(Task statement):
Wherever the line with "Main Image - Armani" sits in the listing below, transcribe from it up to and including the line with "raum mit licht, contemporary", exactly, and leave the remaining lines out.

(Data shown):
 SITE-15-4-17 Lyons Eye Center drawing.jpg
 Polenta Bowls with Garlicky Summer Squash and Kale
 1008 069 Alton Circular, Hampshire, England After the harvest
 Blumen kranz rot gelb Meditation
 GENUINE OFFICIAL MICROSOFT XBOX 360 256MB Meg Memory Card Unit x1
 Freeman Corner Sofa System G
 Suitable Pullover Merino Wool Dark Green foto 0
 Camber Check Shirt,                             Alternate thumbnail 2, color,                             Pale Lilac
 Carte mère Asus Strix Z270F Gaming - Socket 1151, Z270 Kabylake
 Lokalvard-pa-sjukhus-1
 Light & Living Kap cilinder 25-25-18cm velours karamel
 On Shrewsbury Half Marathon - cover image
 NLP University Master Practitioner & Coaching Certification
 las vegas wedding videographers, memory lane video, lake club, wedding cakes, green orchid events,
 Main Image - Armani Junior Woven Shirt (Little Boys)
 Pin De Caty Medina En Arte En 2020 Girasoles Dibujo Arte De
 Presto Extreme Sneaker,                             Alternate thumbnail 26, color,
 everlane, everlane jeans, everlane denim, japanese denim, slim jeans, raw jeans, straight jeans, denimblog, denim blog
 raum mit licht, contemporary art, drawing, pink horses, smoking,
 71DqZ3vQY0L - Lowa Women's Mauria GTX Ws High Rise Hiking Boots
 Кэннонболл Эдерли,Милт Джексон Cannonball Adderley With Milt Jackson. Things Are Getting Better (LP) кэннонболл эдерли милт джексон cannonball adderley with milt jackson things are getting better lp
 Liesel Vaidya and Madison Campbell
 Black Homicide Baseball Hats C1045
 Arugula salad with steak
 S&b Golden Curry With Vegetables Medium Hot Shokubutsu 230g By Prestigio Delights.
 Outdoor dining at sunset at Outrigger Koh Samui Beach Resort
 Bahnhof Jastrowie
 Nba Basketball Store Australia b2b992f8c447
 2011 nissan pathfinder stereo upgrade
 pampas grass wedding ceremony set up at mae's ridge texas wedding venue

(Solution to the exercise):
 Main Image - Armani Junior Woven Shirt (Little Boys)
 Pin De Caty Medina En Arte En 2020 Girasoles Dibujo Arte De
 Presto Extreme Sneaker,                             Alternate thumbnail 26, color,
 everlane, everlane jeans, everlane denim, japanese denim, slim jeans, raw jeans, straight jeans, denimblog, denim blog
 raum mit licht, contemporary art, drawing, pink horses, smoking,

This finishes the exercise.